Opaque generalized political statements frequently leads to confusion. Statements like this would seem mellifluous to hear for the economic ignorant, yet lack the teeth in terms of specific actions.
Essentially, the fundamental reason for the apparent relative policy success of Vietnam is because of the thrust towards trade liberalization or economic freedom, which implies less government interventionism or political meddling in distributing scarce resources. And this runs contrary to the intone of the local politician.
This from McKinsey Quarterly,
Vietnam began to liberalize its economy in the 1980s, when the country’s leaders launched doi moi (or “renovation”). It was only after President Clinton lifted the US trade embargo in 1994, though, that multinationals began to pile in. Since then, Vietnam has taken off. In 2007, it joined the World Trade Organization (WTO)—just in time for the global financial crisis. The country weathered the storm well, posting 5 percent growth in 2009.
The remarkable embrace of globalization by Vietnam has prompted for a sharp recovery from a once war ravaged economy.
The following chart from the KOF Index of Globalization
Vietnam has undertaken substantial steps to reduce bureaucratic red tape.
The following chart from World Bank’s Doing Business presentation
Vietnam has also reduced and streamlined taxes.
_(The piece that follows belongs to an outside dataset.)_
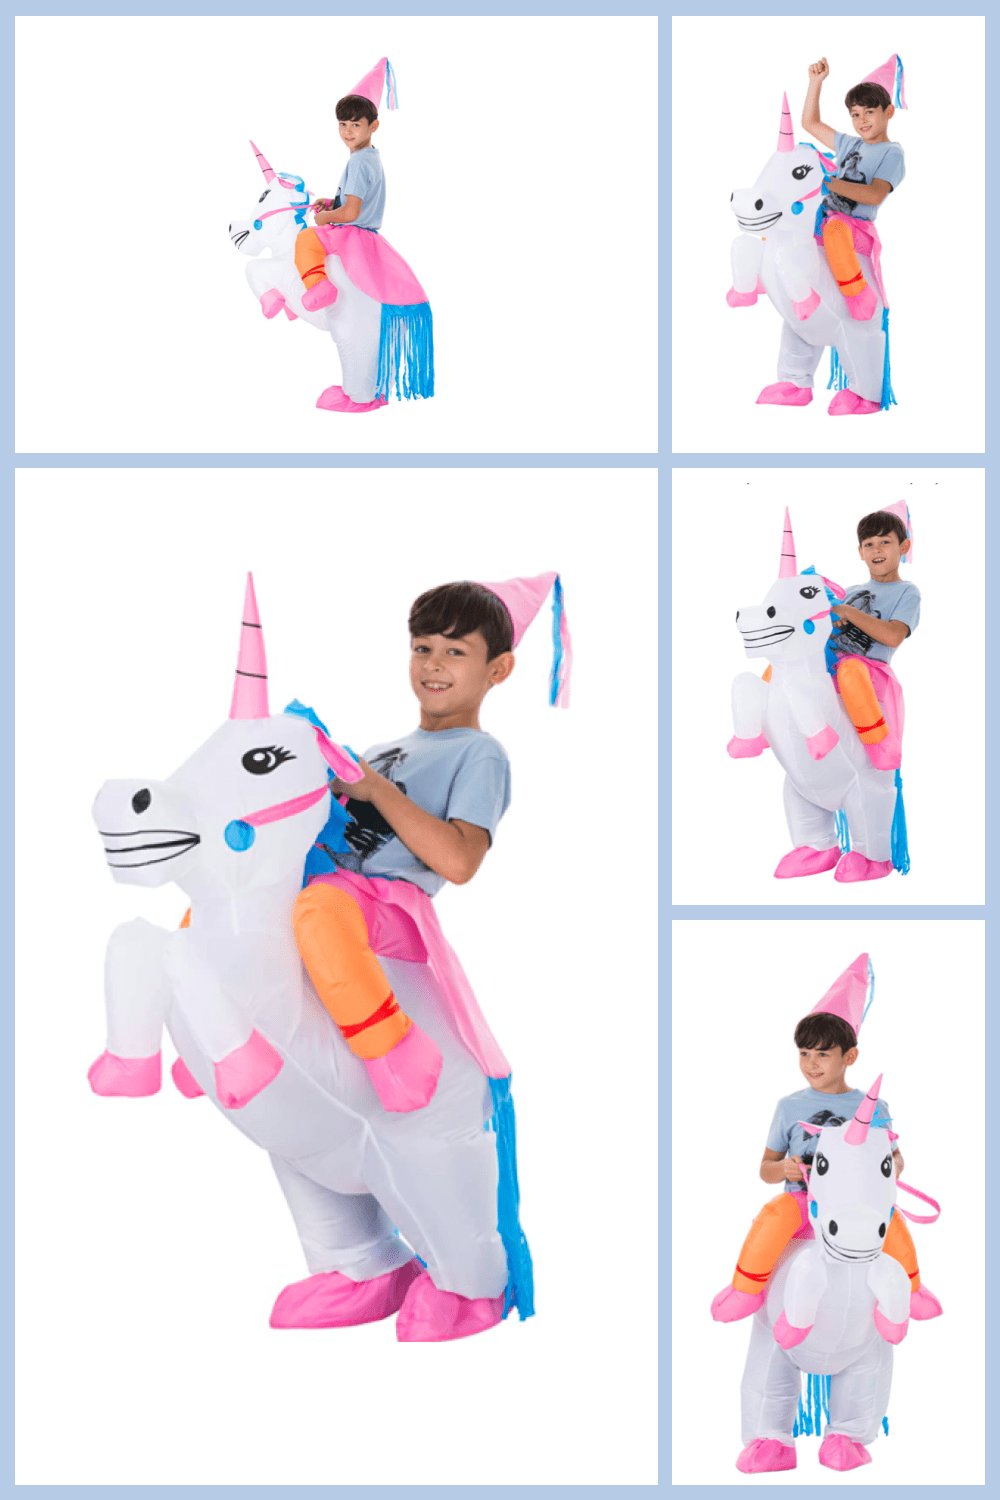 A real set for a prince on a unicorn.

According to World Bank’s Doing Business 2010
Vietnam cut the corporate income tax rate from 28 percent to 25 percent and eliminated the surtax on income from the transfer of land. It also adopted a new enterprise income tax law and value added tax law. In addition, increasing competition in the logistics industry and the application of new customs administration procedures as part of the World Trade Organization (WTO) membership reform program have reduced trade delays.
So overall, the marginal edge Vietnam has over the Philippines isn’t because of more politics but because of MORE TRADE.
As one would note from the above illustration, Vietnam has surpassed the Philippines in attracting investments by reducing hurdles to investments or has made the political and legal environment more conducive to trade and investments.
And the following chart from Google’s Public data seems to corroborate this.
Vietnam’s external trade (% to GDP) has sharply surpassed the Philippines. (Caution: currency values appear less of an influence compared to ease of business environment)
Economics shapes politics.
It is true that Vietnam remains politically a one party authoritarian regime, where according to the Heritage Index of Economic Freedom, “political repression and the lack of respect for basic human rights remain serious concerns.”
Chart above from KOF Index of Globalization
Nevertheless if economic trends should continue to influence politics, political trends may also gradate towards more openness or democracy. But this isn’t certain, specially not over the near term, as Vietnam may be following China ‘dualistic’ model.
Meanwhile, economic freedom is also reflected on social freedom.
Again from KOF Index of Globalization
And here is more proof that Vietnam’s society have been integrating with the world, this from McKinsey Quarterly,
In 2009, the General Statistics Office estimated that Vietnam had 5 million Internet subscribers and 18 million Internet users. Those figures are impressive for a country at a relatively early stage of digital development, and other estimates suggest the number is even higher. In Hanoi and Ho Chi Minh City, for instance, up to half of the population is now online, spending more than two hours a day, on average. Expenditures on digital marketing for the country as a whole, however, are still very low: only $15 million, according to Cimigo, a market research firm. As Mai Huong Hoang, the chairwoman of one of Vietnam’s leading advertising agencies, the local branch of Saatchi & Saatchi, noted, “TV is still king in Vietnam, because women are the decision makers in the family and they spend a lot of time watching TV.” However, recent McKinsey research in other emerging markets, such as China, India, and Malaysia, suggests that the pace of digital change can be rapid, especially with younger people. Therefore, businesses—particularly consumer goods companies—shouldn’t ignore digital media in their marketing plans.
Bottom line: “Effective policy implementation” means less political interventionism, where people will be incented to harness their innate talents and skills in an environment fertile for business growth.
In other words, Vietnam’s success formula has been the relatively more aggressive adaption of economic freedom compared to the Philippines.
And more politics won’t serve as the elixir to the Philippines’ dismal and lagging performance.
It's good that you noted that Vietnam further cut its corporate income tax from 28 to 25 percent. I think they are thinking now of possibly bringing it down to 20 percent. HK and Singapore are competing at 16 percent rate. Nice article, as usual, Benson.